# How to control Hydra in a shrimp only tank



## milalic (Aug 25, 2005)

Either you sucke them with something or get a small fish that will eat them.

Cheers,
Pedro


----------



## hedge_fund (Jan 1, 2006)

I had them in my shrimp tank also but now they are gone thanks to my Endlers. 

Do you have tiny little organisms swimming in that tank? ie. cyclops, worms etc? If you do then you need to kill their food source if you want to eliminate Hydra. What I did first was to buy some Endlers which right away had babies. The baby fish went into the shrimp tank where they mainly ate the cyclopses, worms and any other micro-organism that the Hydra could have fed on. While all this was going on, I was also going in manually crushing them with my fingers. I was very concerned that the hydra would eat all my baby shrimp so I dedicated much time into researching and reading anything on these damn Hydra!! Few people also suggested that Ramshorn snails eat them so a fellow member sent me over 40 at no charge. Needless to say, the entire colony of hydra are gone and have not seen them for weeks :thumbsup: .

If you do decide to put baby fish in your shrimp tank, make sure to only keep them in for a week or less until you get new ones again. These fish (endlers, guppies, swordtails etc) grow rather quickly and will start eating your shrimp. Just the other day I saw a 5 day old Endler hunting and then devouring one of my newborn shrimp. :icon_evil That’s right, the fish was only 5 days old!!!

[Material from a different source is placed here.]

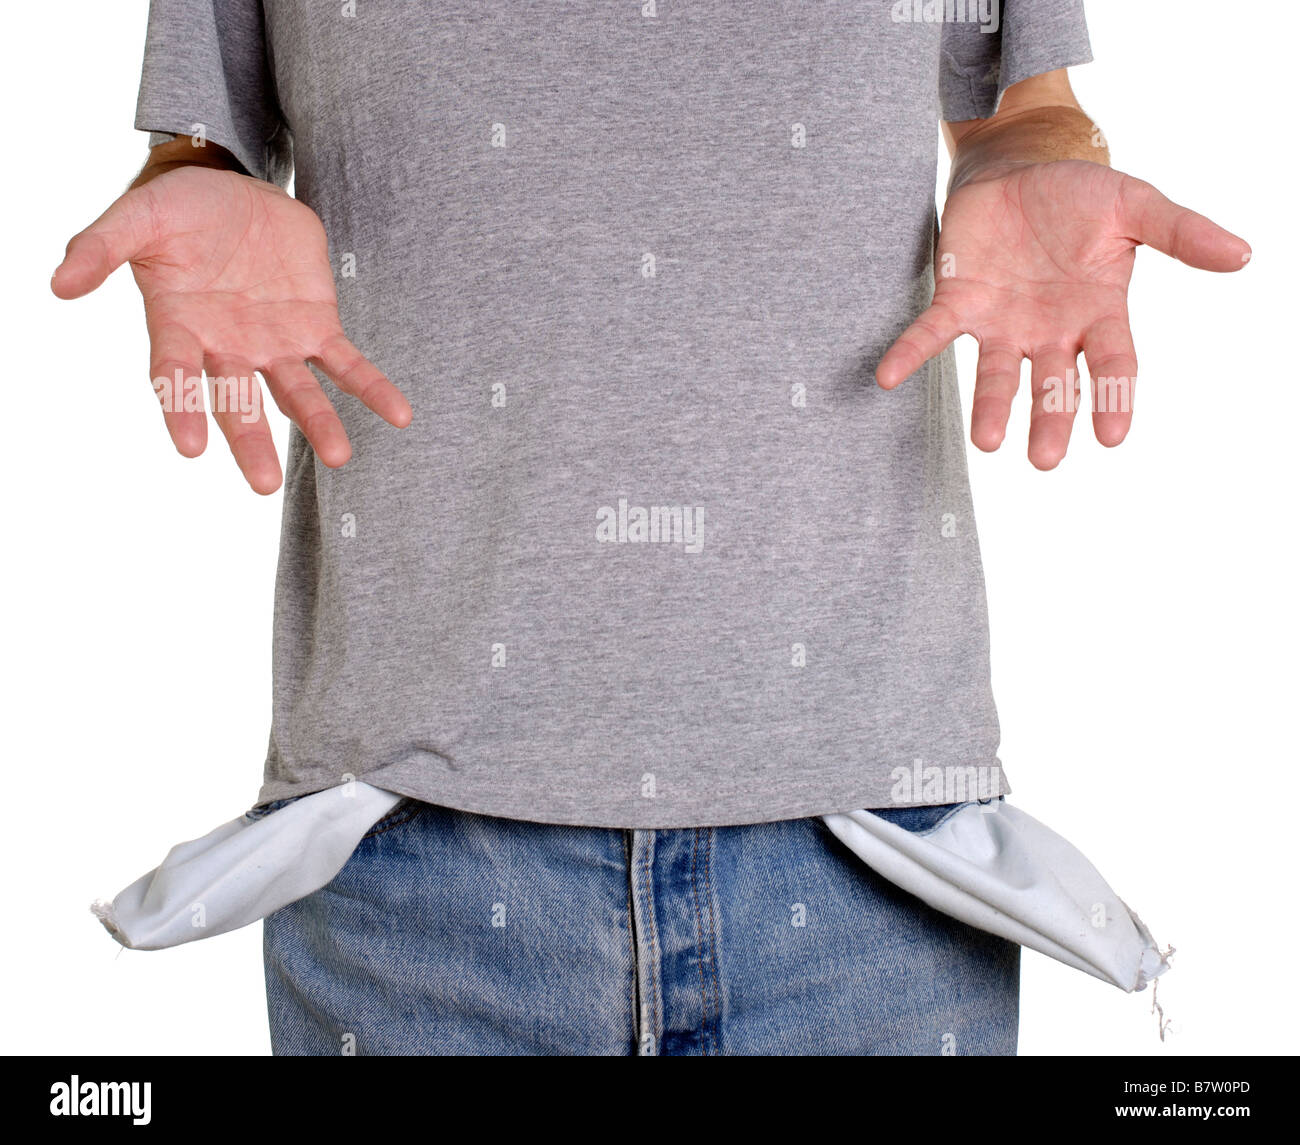 Conceptual shot of man with empty pockets showing he has no money Stock Photo

Good luck...if you have anymore questions then let me know.


----------



## hedge_fund (Jan 1, 2006)

When it comes to crushing these things don't only do it when it's comfortable for you. If you are all dressed up going out on Friday night and you see one of these pests, stick your hand in right away to crush them. I was very anal about this where anytime one was seen in the tank it would be oblitarated instantly.

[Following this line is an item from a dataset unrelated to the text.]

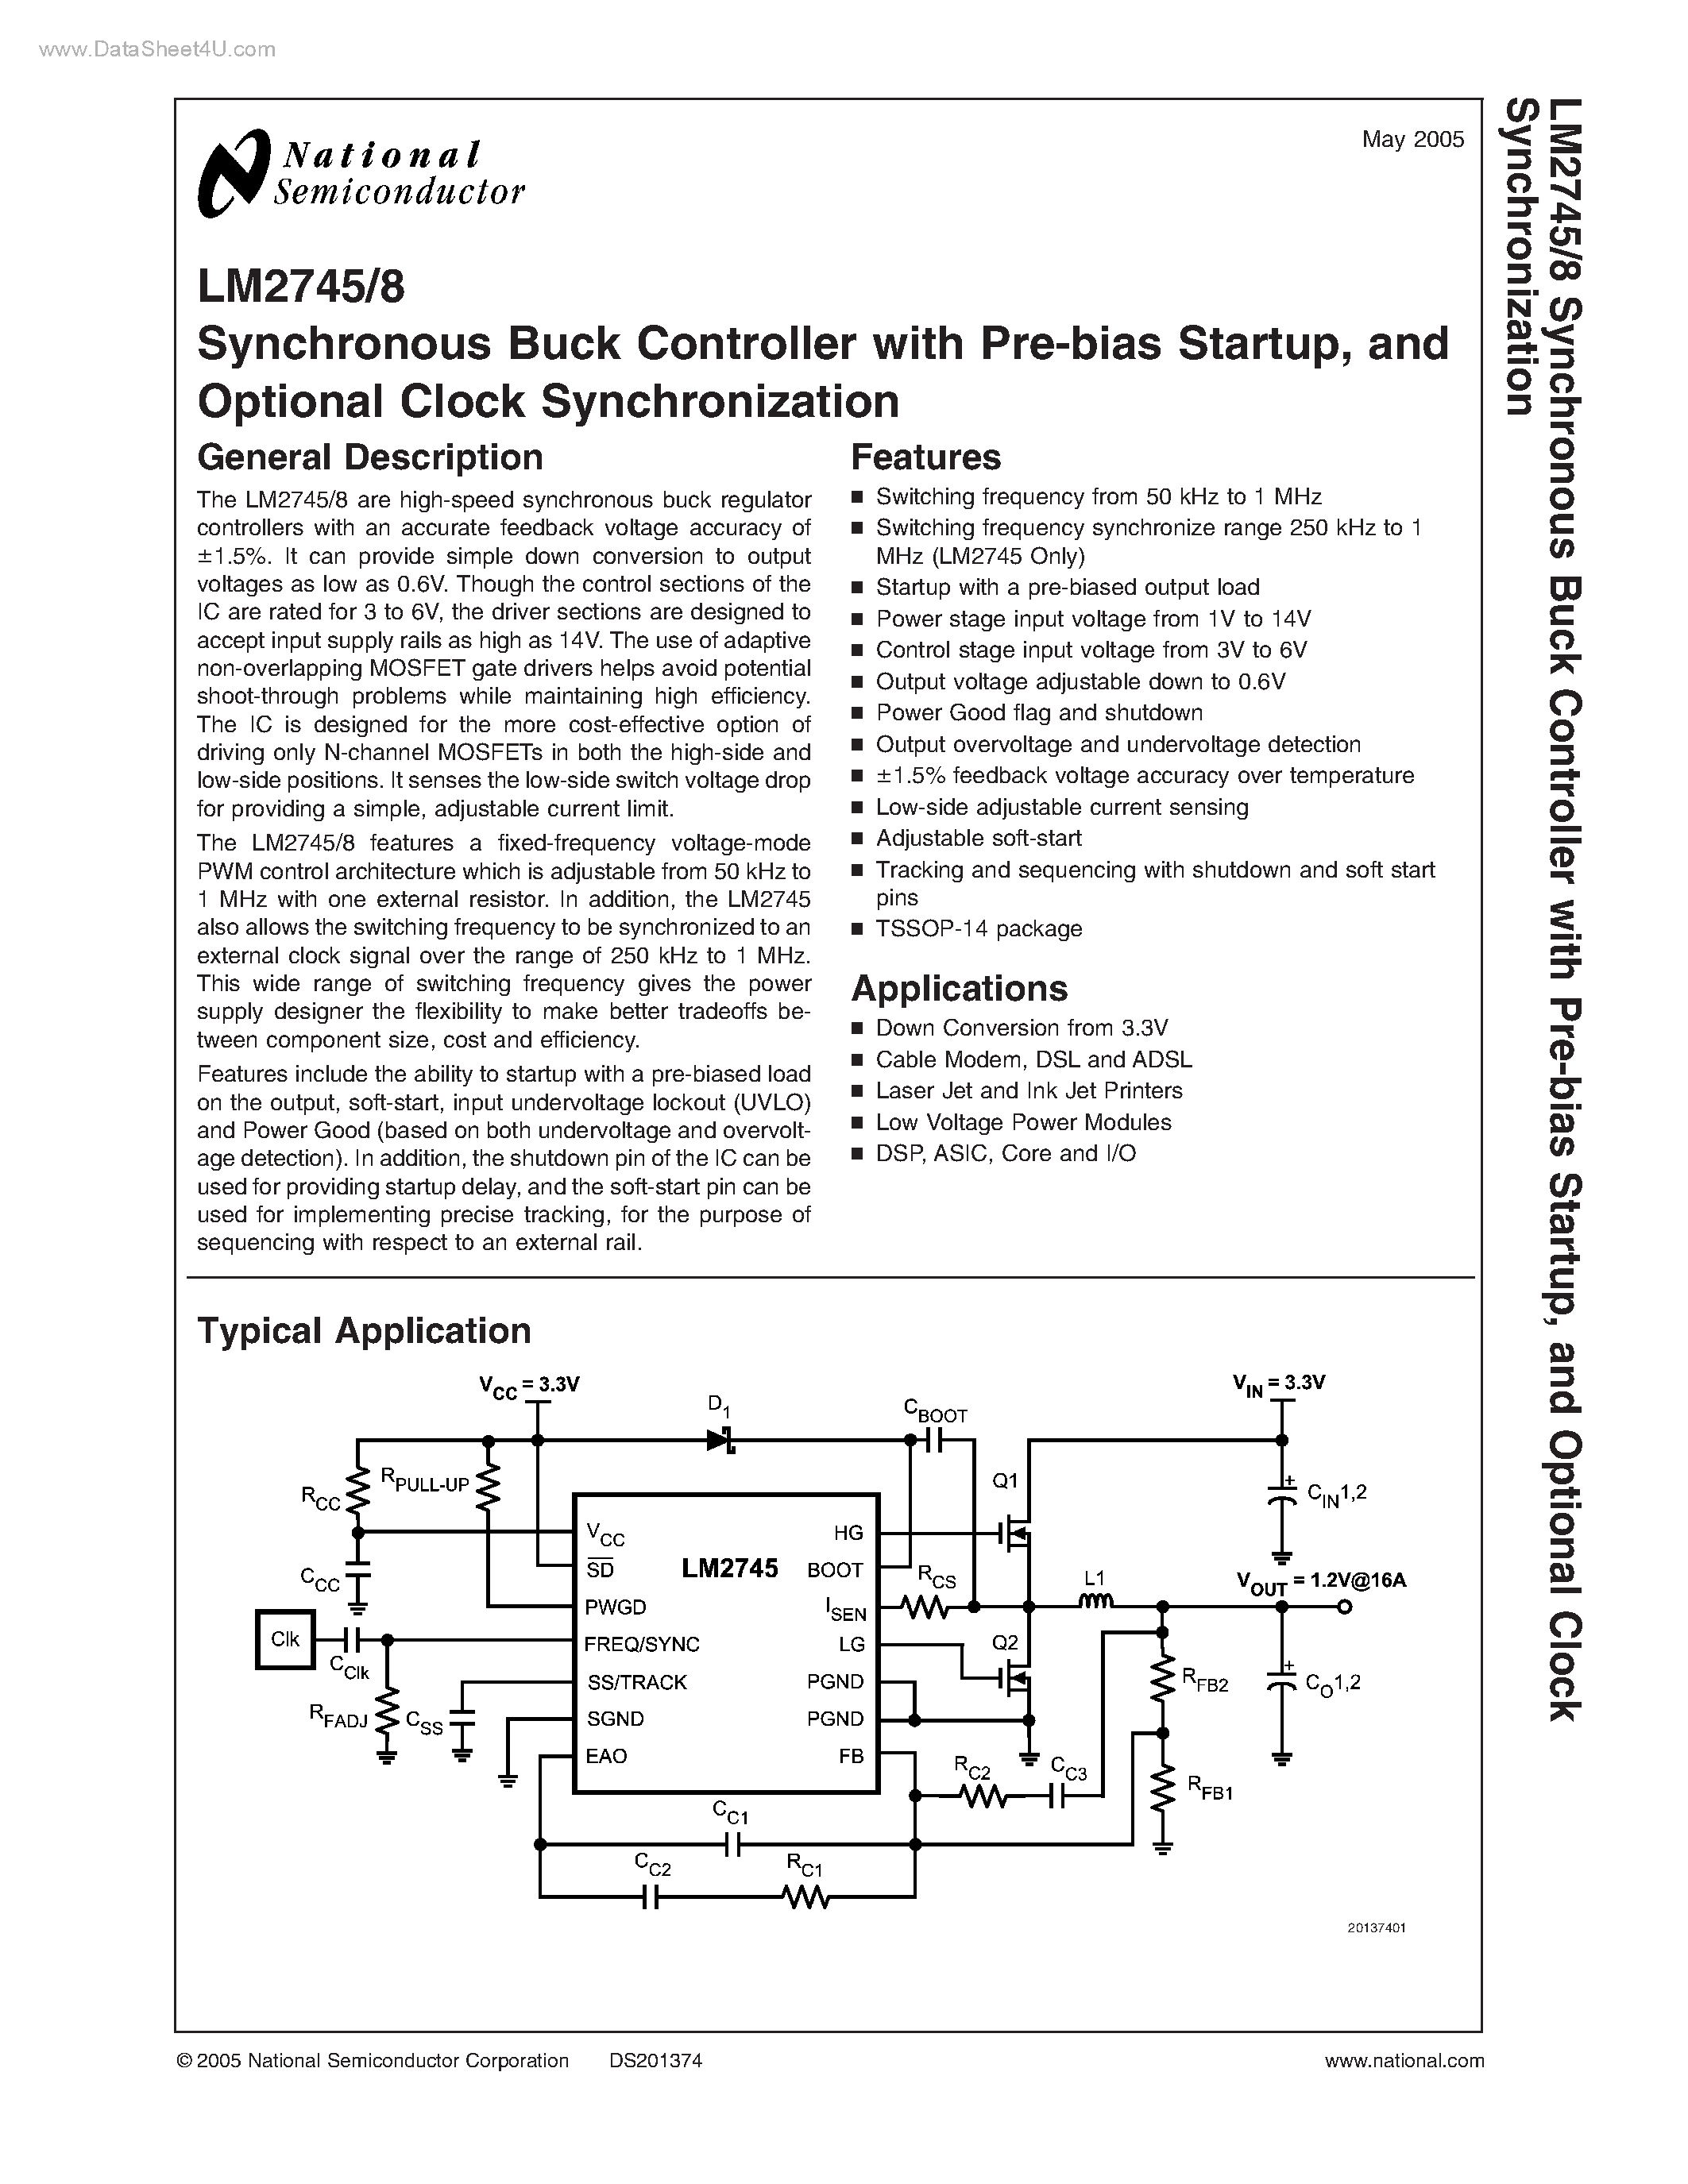 Даташит LM2745 - (LM2745 / LM2748) Synchronous Buck Controller страница 1

Keep in mind that any chemical treatment that you throw into the tank will also kill your shrimp. Hydra are inverterbrates just like the good guys (shrimp).


----------



## turbosaurus (Nov 19, 2005)

Its my office tank- and I'm always in a long sleaved suit! Damn! I hate to get wet at work. 

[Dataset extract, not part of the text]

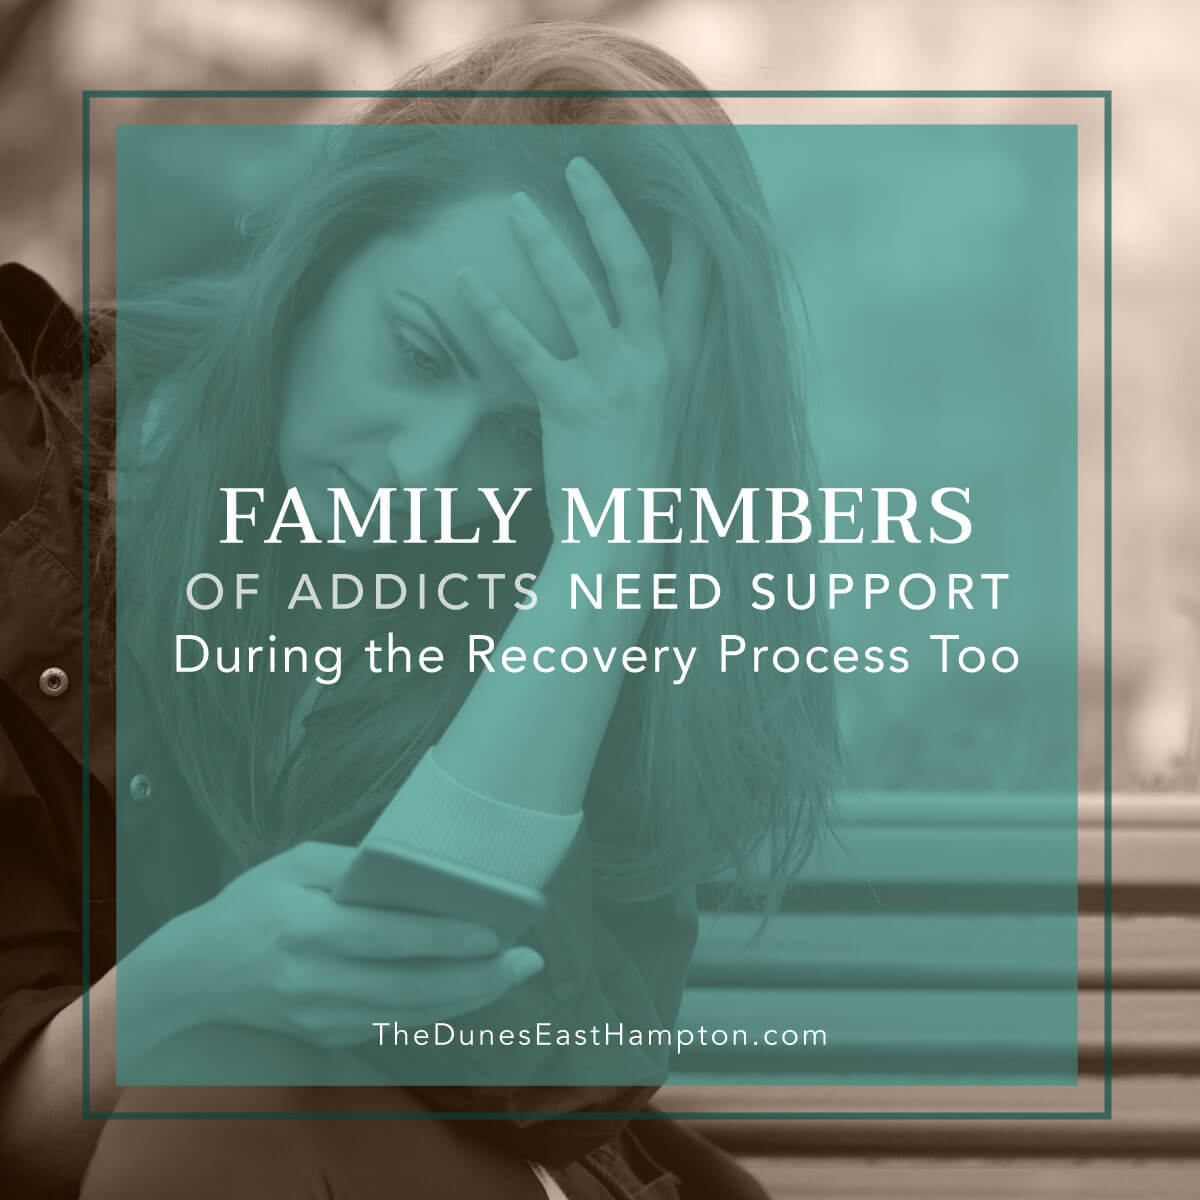 Family Members Of Addicts Need Support During Recovery Process - The Dunes East Hampton

I think these hydra are almost big enough to eat endler babies! and I don't have anywhere to keep endlers- they'd end up angel food and I can't do that to them. 

I've heard H2O2 (hydrogen peroxide) works, but I am not sure if it is shrimp safe at any level...


----------



## hedge_fund (Jan 1, 2006)

turbosaurus said:


> Its my office tank- and I'm always in a long sleaved suit! Damn! I hate to get wet at work.
> 
> I think these hydra are almost big enough to eat endler babies! and I don't have anywhere to keep endlers- they'd end up angel food and I can't do that to them.
> 
> I've heard H2O2 (hydrogen peroxide) works, but I am not sure if it is shrimp safe at any level...


Gouramis eat hydra as well but they will also eat your shrimp.  

I also tried the Hydrogen Peroxide but it didn't work that well because you had to spray a large amount on each one for them to die. On the other hand, my hydrogen peroxide bottle is over 5 years old so it might not be good.


----------



## turbosaurus (Nov 19, 2005)

How hard to I have to smoosh them to be sure I kill them? I don't want to crush delicate leaves if I don't have to. 

There are thousands.... they are on everything... Its the green ones, there are so many it almost looks like algae. 

Is the green kind as bad as the white ones? The white ones appear to get much bigger, where the green ones seem to stay small.. is there any difference between them or is it just the food they eat that gives them the green color? 

I think they sting my shrimp's feet. The poor creatures keep shooting across the tank when they come into contact... 

At this point maybe I will have to remove all the plants and re-do the whole damn thing after a serious H2O2 dip. I think it might be too late for manual control. 

Any other ideas before I go in and rip the whole thing up?


----------



## hedge_fund (Jan 1, 2006)

turbosaurus said:


> How hard to I have to smoosh them to be sure I kill them? I don't want to crush delicate leaves if I don't have to.
> 
> There are thousands.... they are on everything... Its the green ones, there are so many it almost looks like algae.
> 
> ...


Wow, I didn't know you had that many. You are probably better off taking out any shrimp and inverts that you plan on keeping and dosing a product called CLOUT. Check out Bigalsonline.com as they sell the product. When you dose the pills they kill all types of parasites and all inverts too.


----------



## turbosaurus (Nov 19, 2005)

UUUUUGGGGGGGGGGGGG 

How in the world do I get all the snails and shrimp and fry out of a densely planted tank?????


----------



## YuccaPatrol (Mar 2, 2006)

You can try to trap them or get them to collect in an area where you can catch them.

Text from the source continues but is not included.